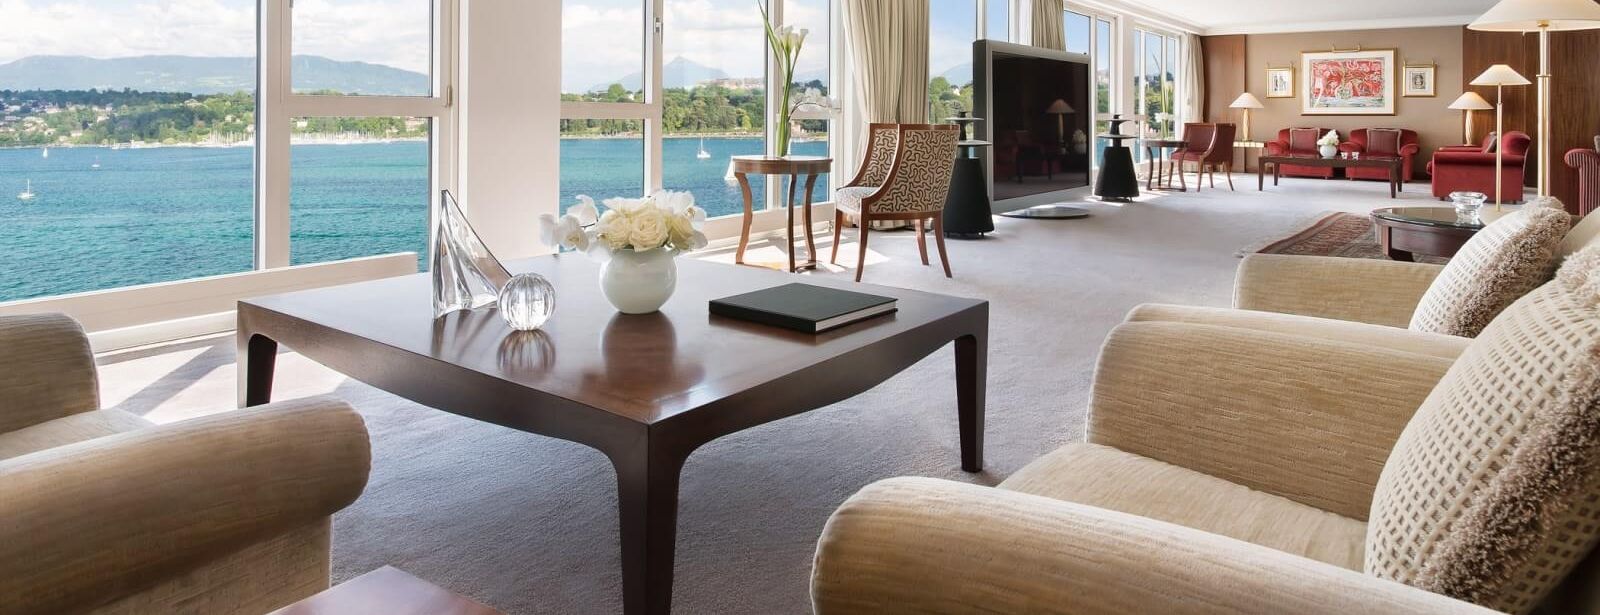 Royal Penthouse Suite - Hotel President Wilson, Geneva
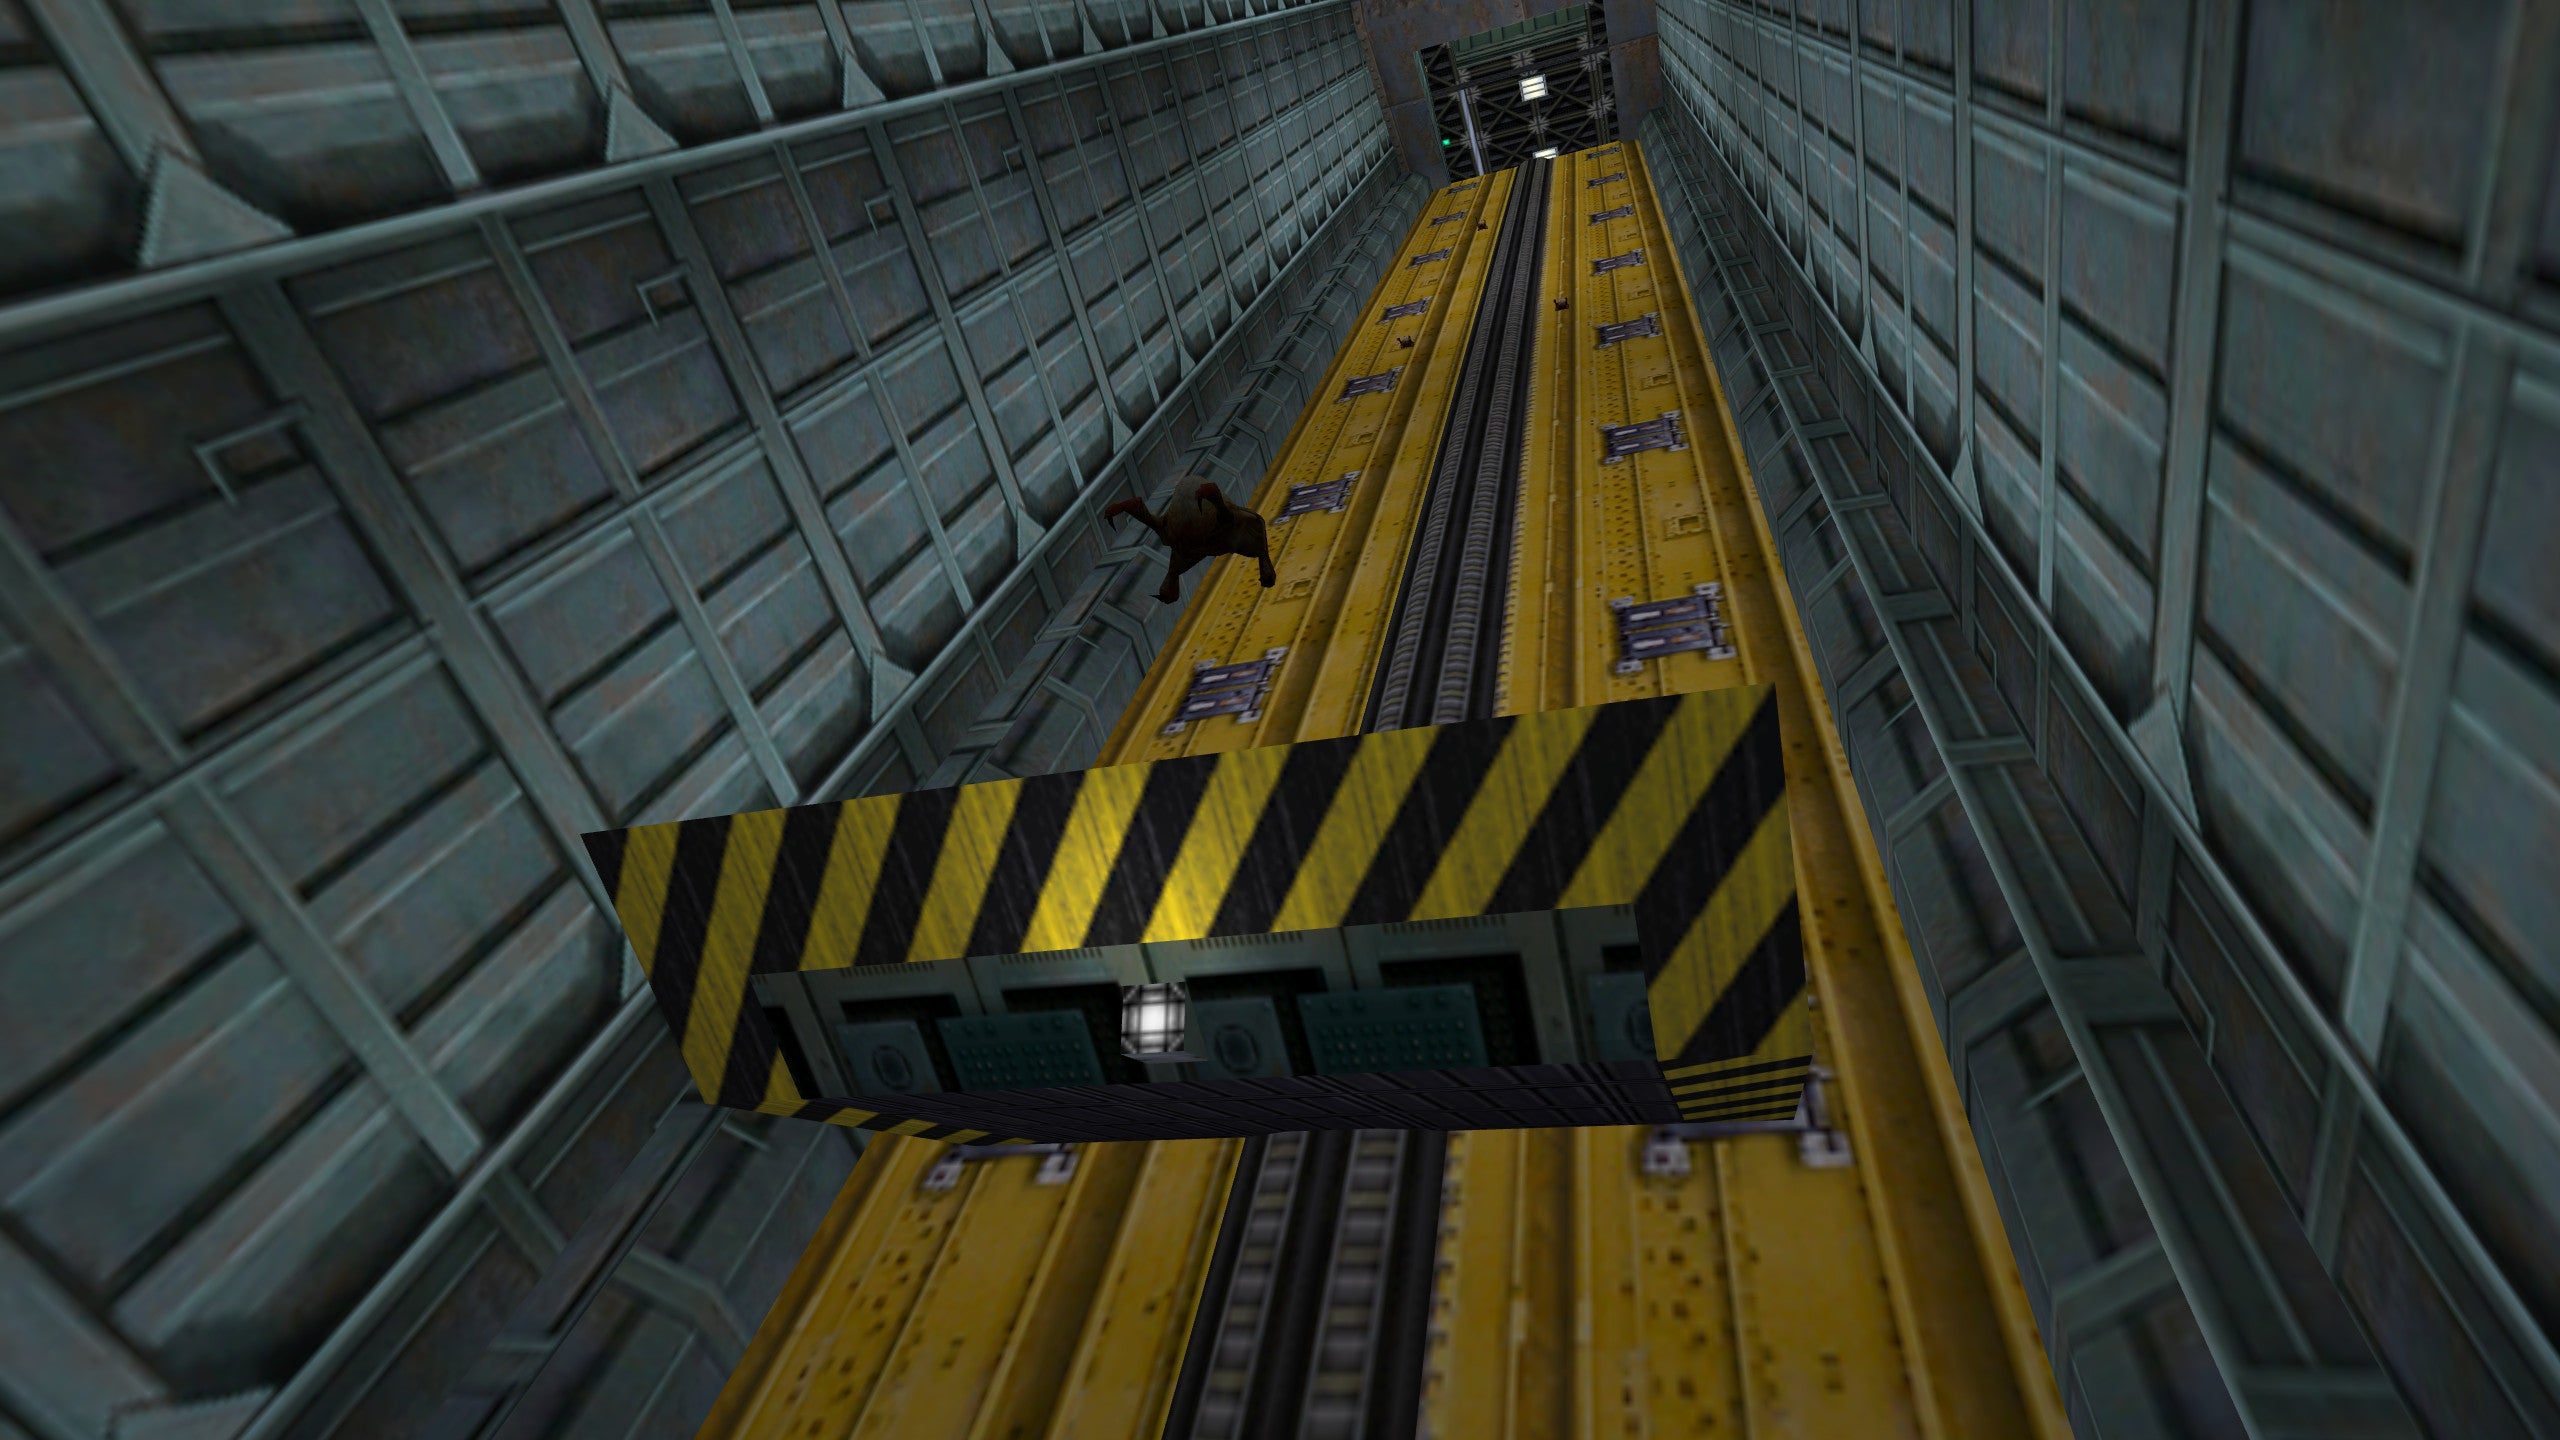 A headcrab rockets down a Black Mesa funicular shaft in a Half-Life screenshot.
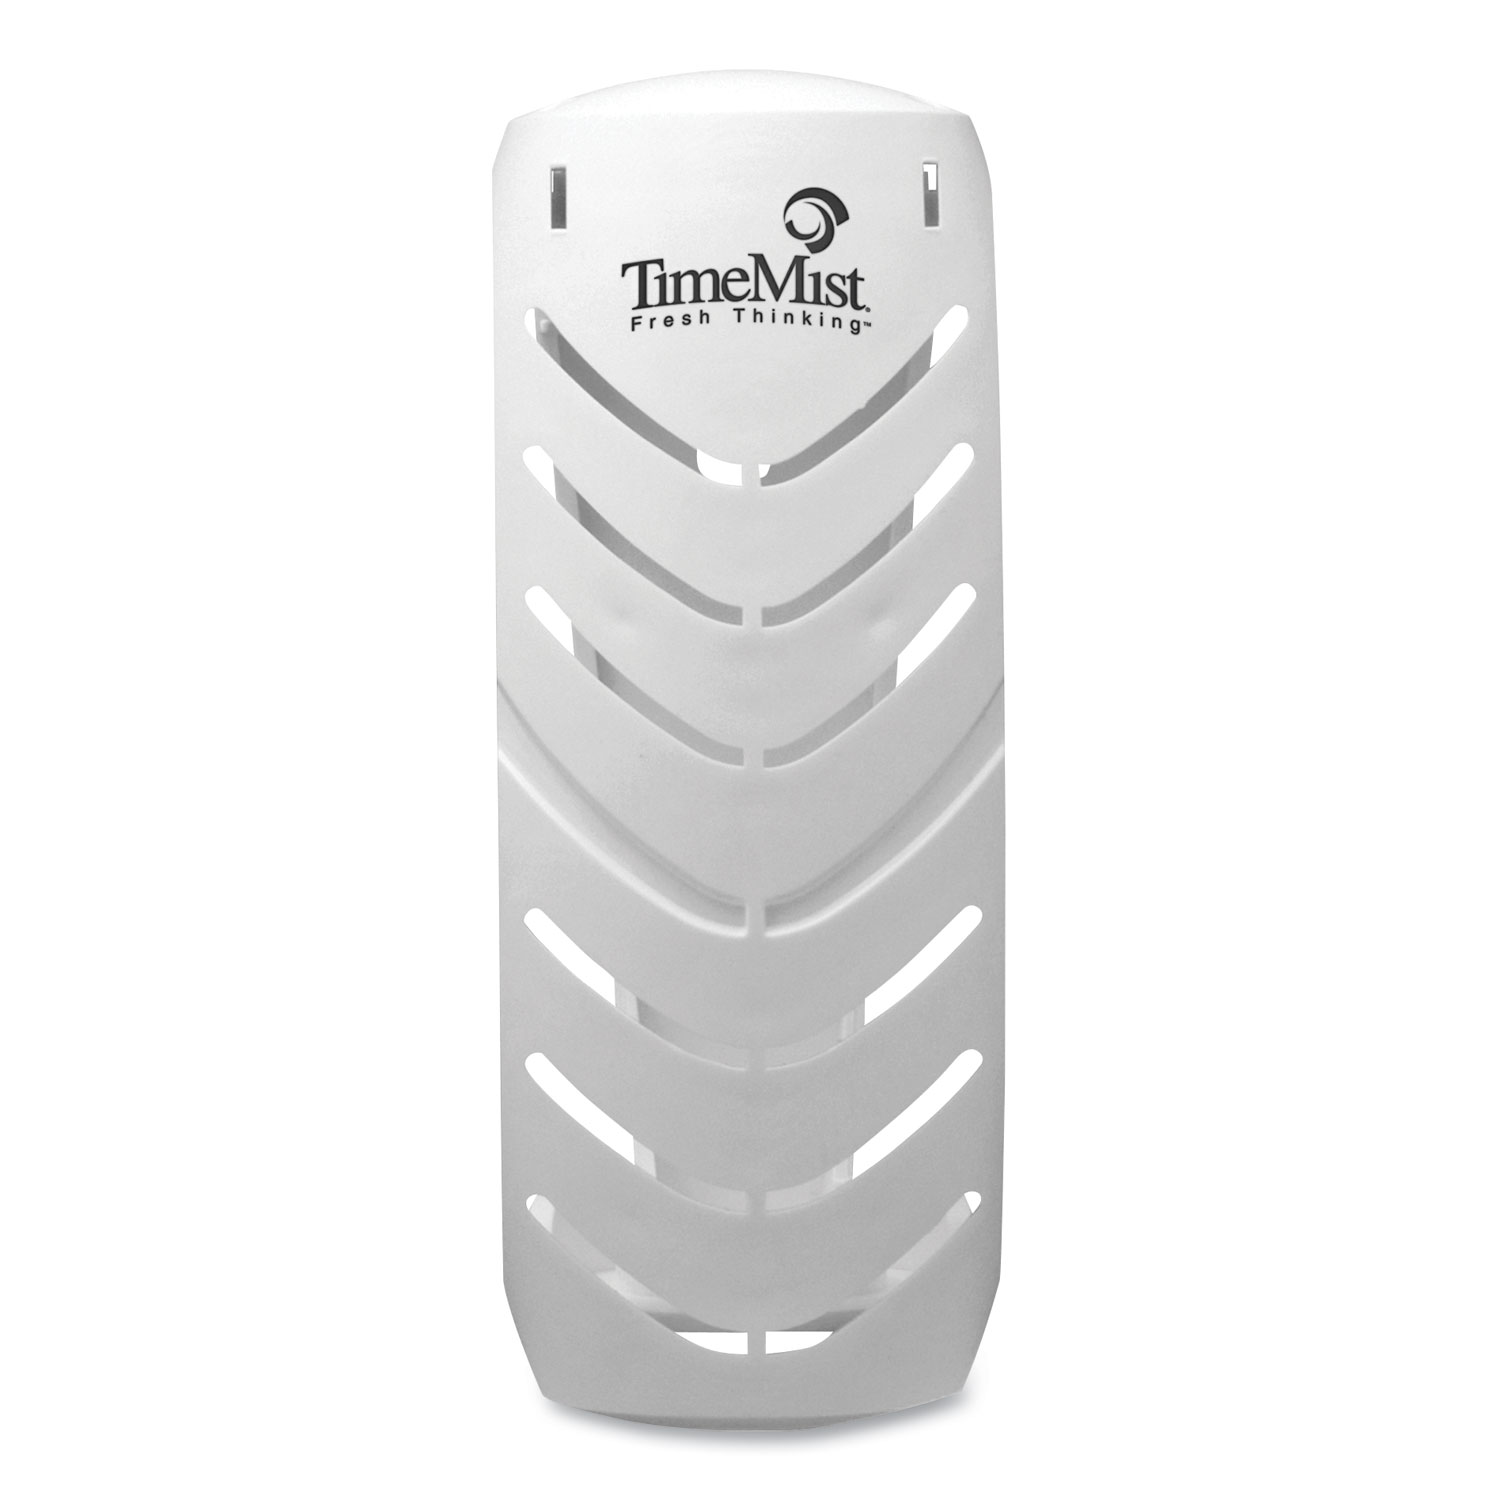  TimeMist 1044155 TimeWick Automatic Dispenser, 2.25 x 3.25 x 5.75, White (TMS1044155)

_Directions for this task:_ Your answer should set down the listing verbatim and leave out its images.

_Written response:_
 Royal Penthouse Suite - Hotel President Wilson, Geneva
 A headcrab rockets down a Black Mesa funicular shaft in a Half-Life screenshot.
  TimeMist 1044155 TimeWick Automatic Dispenser, 2.25 x 3.25 x 5.75, White (TMS1044155)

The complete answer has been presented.